The Authority of the Court and the Peril of Politics
by Stephen Breyer
Harvard University Press, 112 pp.

And in 2012, Justice Stephen Breyer, in his unforgettable vocal mash-up of Edward Everett Horton and Mister Rogers’s King Friday XIII, told the lawyer for an American citizen tortured to death by the Palestinian Authority, “I think I have to say that you are on a weak wicket.” 

Breyer’s legal point was well taken (the victim’s family eventually lost, 9–0). Yet only Stephen Breyer, the Oxford-educated son-in-law of the Viscount Blakenham, would have bowled a cricket metaphor at an unsuspecting American lawyer. 

But fast bowling is all in a day’s work for Breyer, a justice like no other. I must begin this piece by confessing my deep admiration for the man’s intellectual gifts, his good nature, and his idiosyncratic sense of humor. His mind is capacious, lightning fast, and unpredictable. No other justice in history, I daresay, has not only read the more than 4,000 pages of Marcel Proust’s À la Recherche du Temps Perdu in the original French, but read them twice, back to back. 

While the conservative justices, by and large, won their seats as courtiers to Republican presidents, Breyer was once a congressional staffer. He knows a great deal about how legislation is actually created and implemented and does not share the majority’s contempt for elected legislators. Breyer is perhaps the last major advocate of legal pragmatism—a venerable system of thought that concerns itself first and foremost not with the abstract meaning of words or the “understanding” attributed to long-dead Framers, but to the real-world consequences of a legal outcome. For Breyer, those consequences are to be assessed for their contribution (or detriment) to “active liberty,” the ability of ordinary citizens to participate in democratic self-government. That liberty, he has argued in the past, is the aim of the Constitution, and interpreting its words without understanding that purpose is, well, simply not playing the game. 
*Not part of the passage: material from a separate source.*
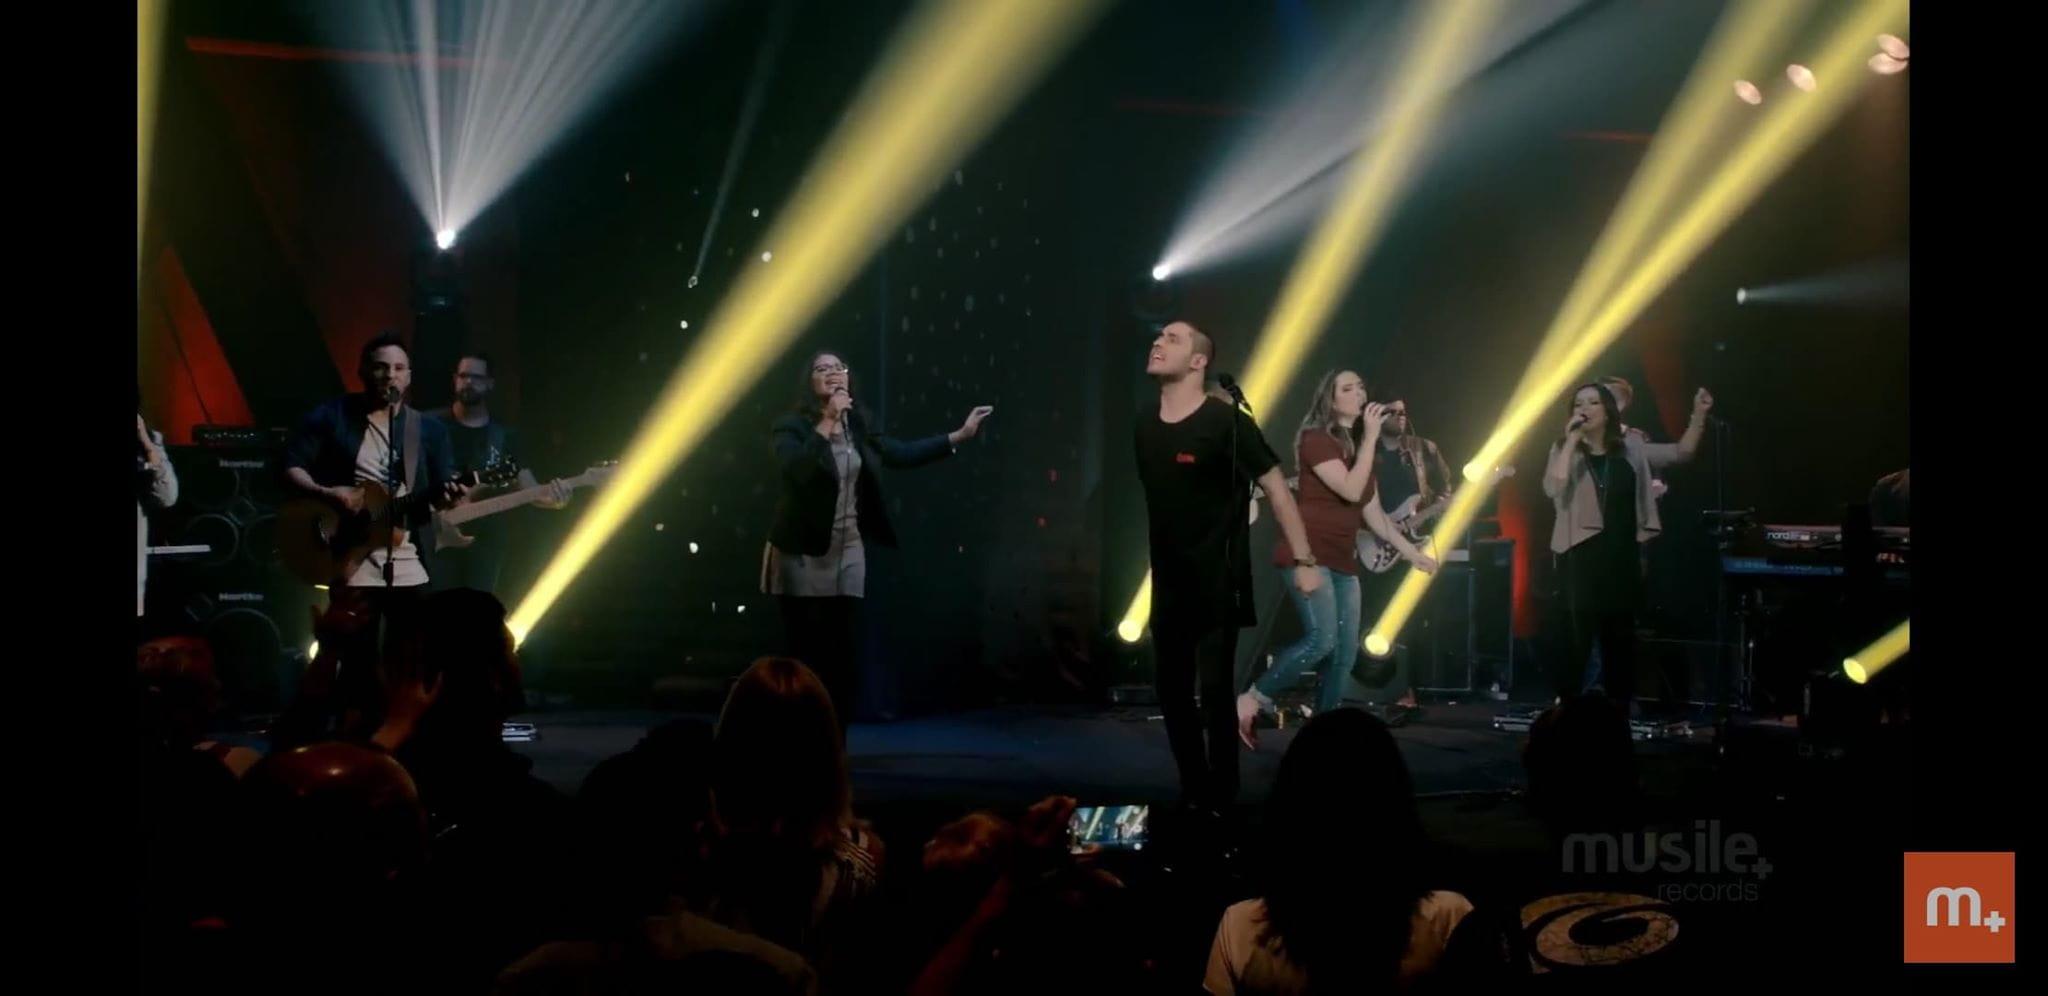 Musile Records | ADAI Music apresenta Preço de Sangue (ao vivo)

This concern with consequences, coupled with a lucid grasp of administrative law and practice, has given rise to some brilliant opinions. My own favorite is his dissent in McCutcheon v. Federal Election Commission. In McCutcheon, Chief Justice John Roberts, writing for a plurality, briskly invalidated a federal statute limiting the number of candidates a wealthy donor could back in one federal election season and the total amount such a donor could give across the board. The case did not challenge the upper limit on each individual contribution, but the federal government argued that striking down the other limits would make the remaining one hard to enforce. Roberts waved away such hesitation: If donors overstepped, Roberts said, then the FEC would simply fine them. In his dissent, Breyer outlined in detail the precise ways that the rich would use to circumvent the FEC (as they have)—then added that Roberts’s trust in FEC enforcement reminded him of Oscar Wilde, who said of the death of Little Nell in Charles Dickens’s Old Curiosity Shop, “One must have a heart of stone to read [it] without laughing.”

As the above suggests, Breyer lives in a world of his own. Sometimes (as in McCutcheon) it intersects with the world the rest of us inhabit. But other parts of it do not. Breyer lays out the view from those other parts in his new book, The Authority of the Court and the Perils of Politics. And it must be said—even by a Breyer admirer like me—that in this particular inning it is he who is on a weak wicket. 

The book is based on a lecture Breyer delivered on April 7, 2021—after the contentious 2020 election, the murderous Trumpite invasion of the Capitol, the movement to enlarge or revamp the Supreme Court, and the demands from some Democrats that Breyer retire. Breyer’s defense of the Court acknowledges none of this. But it must be read, at least by implication, as a critique of the project of Court reform and an apologia for his own decision to remain on the Court at the age of 82 rather than allow President Biden to appoint a younger liberal justice. The defense of the Court and of judicial review he offers is such an assemblage of bromides—so close to the boilerplate in any old American government text, and so far from the reality of contemporary American public life—that I, too, am reminded of Oscar Wilde. 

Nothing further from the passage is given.